Shared Emotion Geometry Across Small Language Models: A Cross-Architecture Study of Representation, Behavior, and Methodological Confounds
arXiv cs.CL / 4/14/2026
💬 OpinionSignals & Early TrendsIdeas & Deep AnalysisModels & Research
Key Points
- The paper analyzes 21-emotion vector representations extracted from twelve small language models across six architectures (base vs instruct) using a unified comprehension-mode pipeline at fp16 precision, then compares emotion “geometries” via representational similarity (cosine RDMs, Spearman correlations).
- Results show a striking universality: five mature model families (Qwen 2.5, SmolLM2, Llama 3.2, Mistral 7B, Llama 3.1) share nearly identical 21-emotion geometry, with pairwise RDM Spearman correlations typically in the 0.74–0.92 range.

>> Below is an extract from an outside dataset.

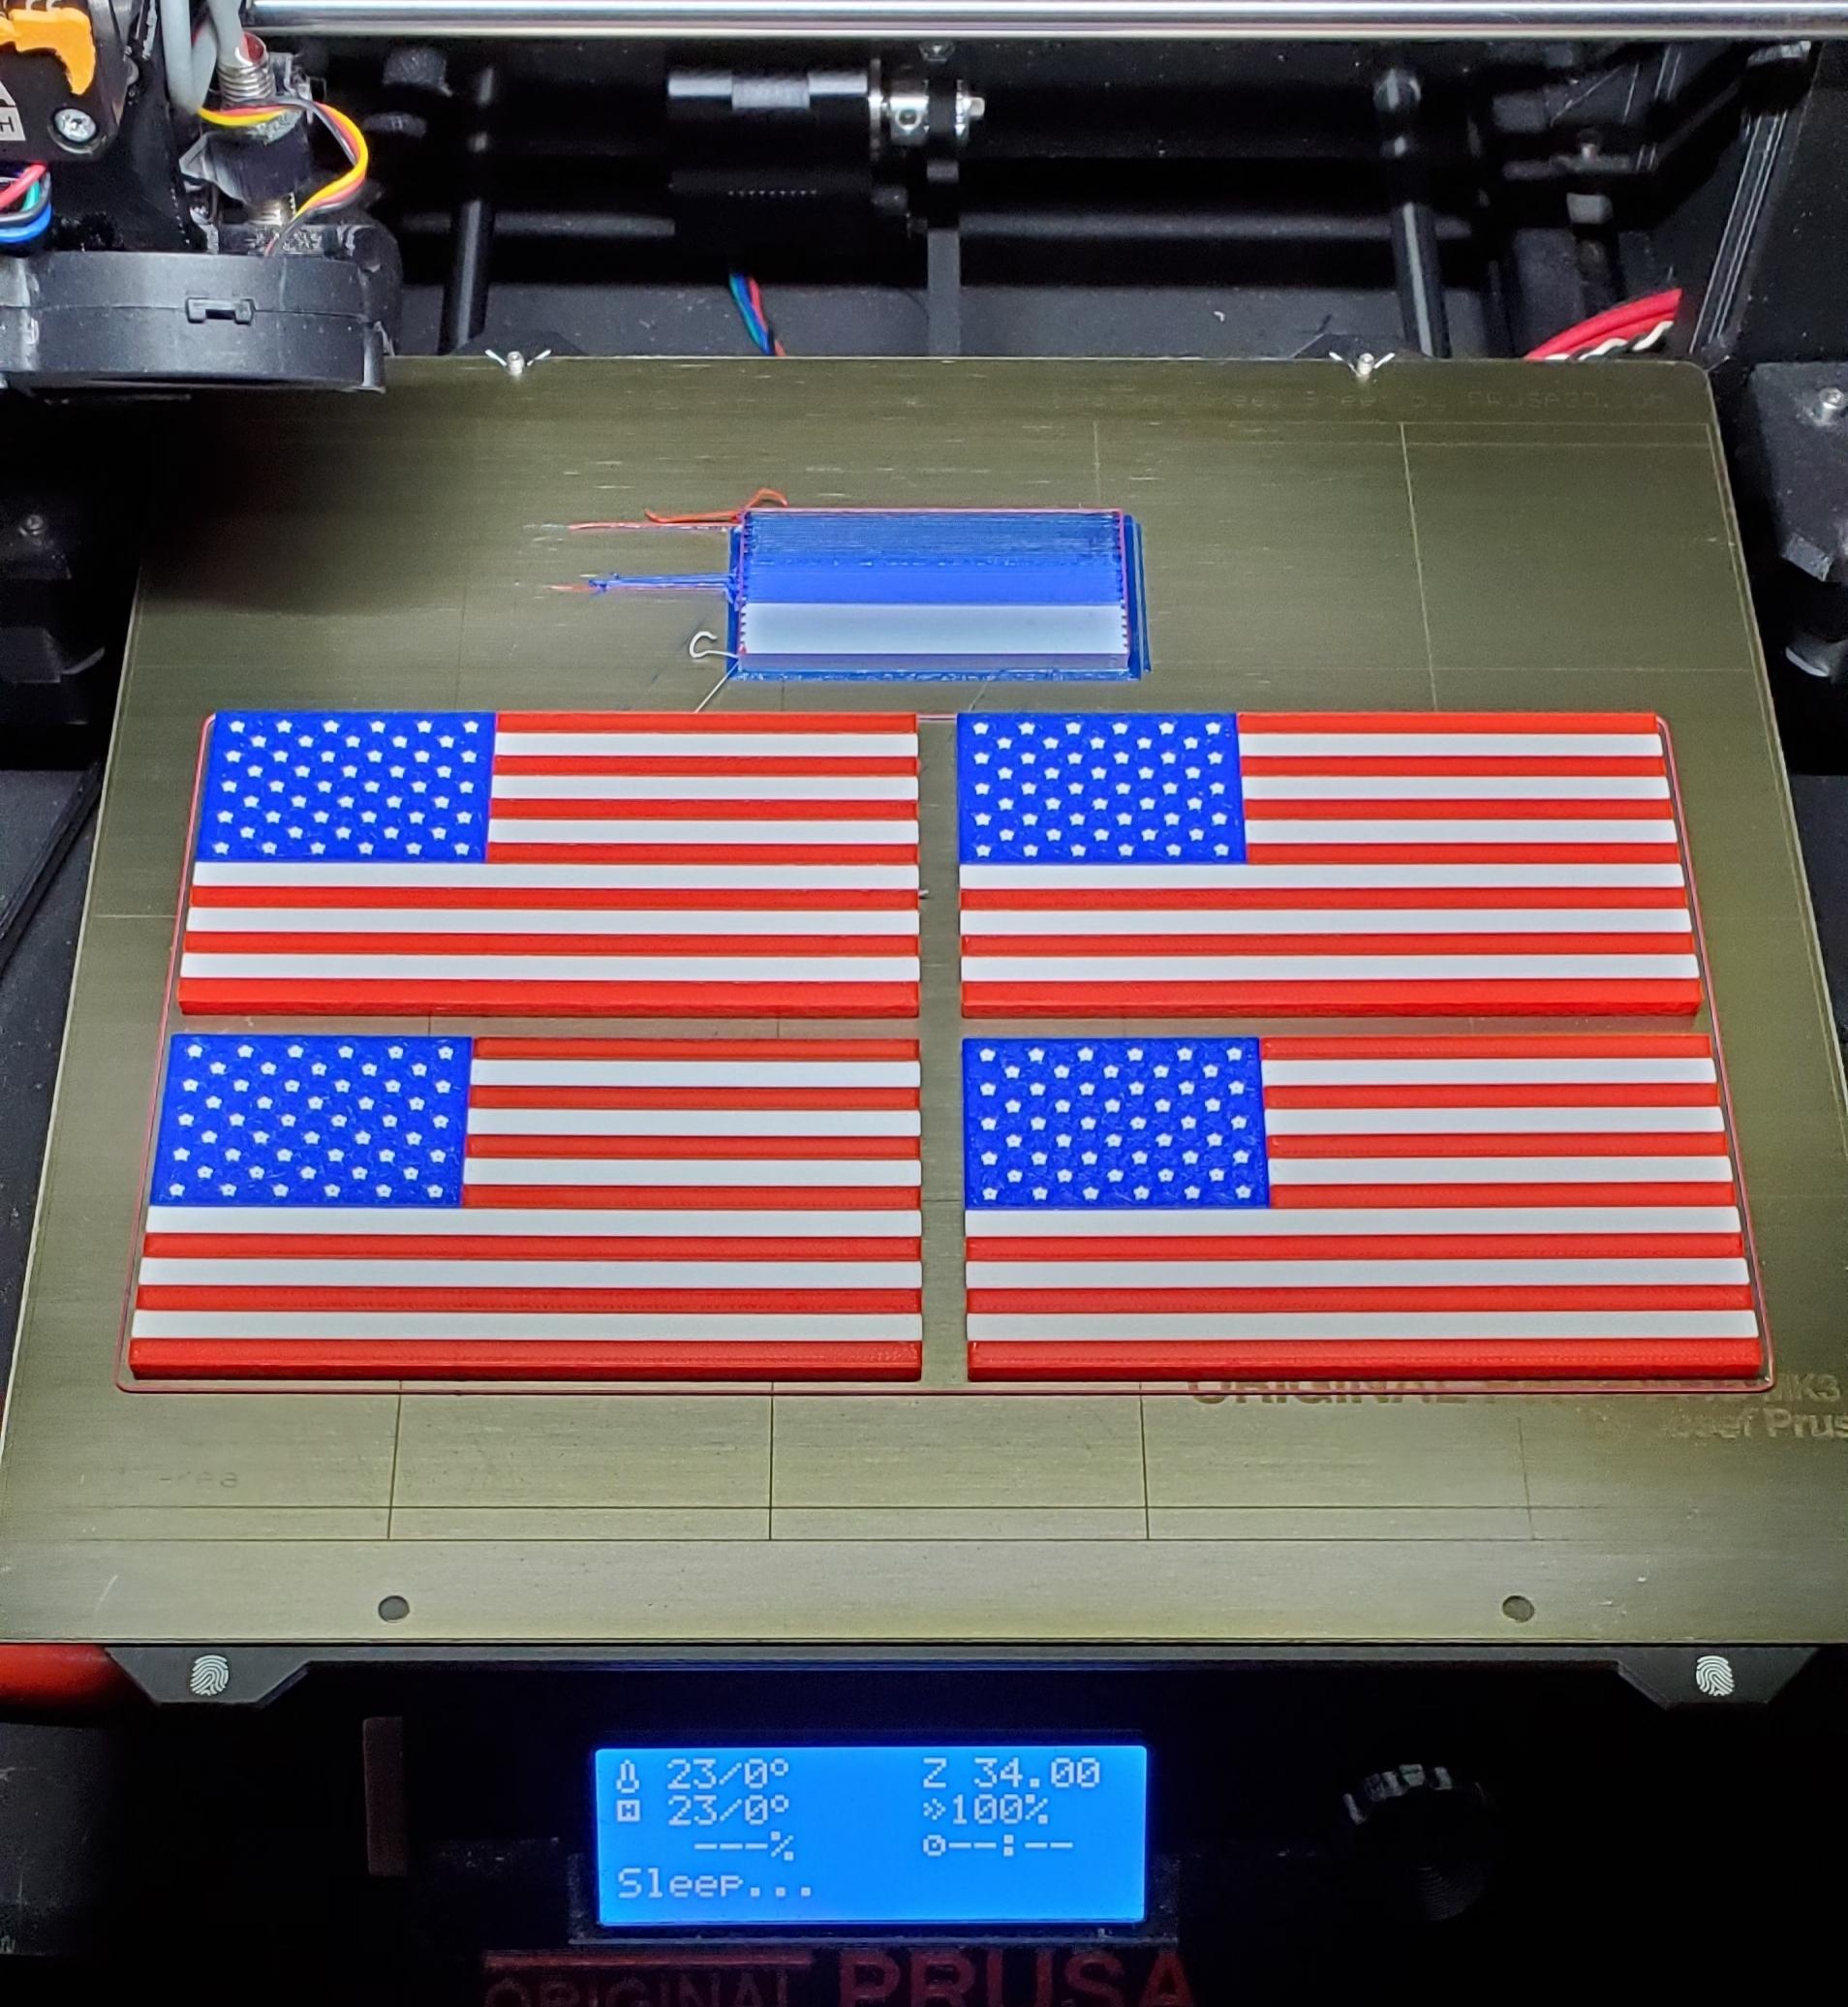 20191208_064730.jpg Download free STL file Remix: US Flag Refrigerator Magnet (Multicolor) • 3D printing template, lowboydrvr

- The universality holds even when models differ strongly in behavior (e.g., Qwen 2.5 vs Llama 3.2 differ on MTI compliance facets but still show highly similar emotion representations, rho ≈ 0.81), implying behavioral differences may occur “above” a shared emotional representation layer.
- The outlier Gemma-3 1B base shows extreme representation issues (residual-stream anisotropy ~0.997) and gets restructured by RLHF across geometric descriptors, while within-mature families base vs instruct RDMs correlate very highly (e.g., Mistral 7B v0.3 rho ≈ 0.985), suggesting RLHF mainly reshapes representations that are not yet organized.
- Methodologically, the authors argue prior “method effect” conclusions actually combine multiple factors—method-dependent dissociation, sub-parameter sensitivity within generation, fp16 vs INT8 precision effects, and cross-experiment bias—so single cross-study similarity numbers (single rho) may be misleading without decomposition.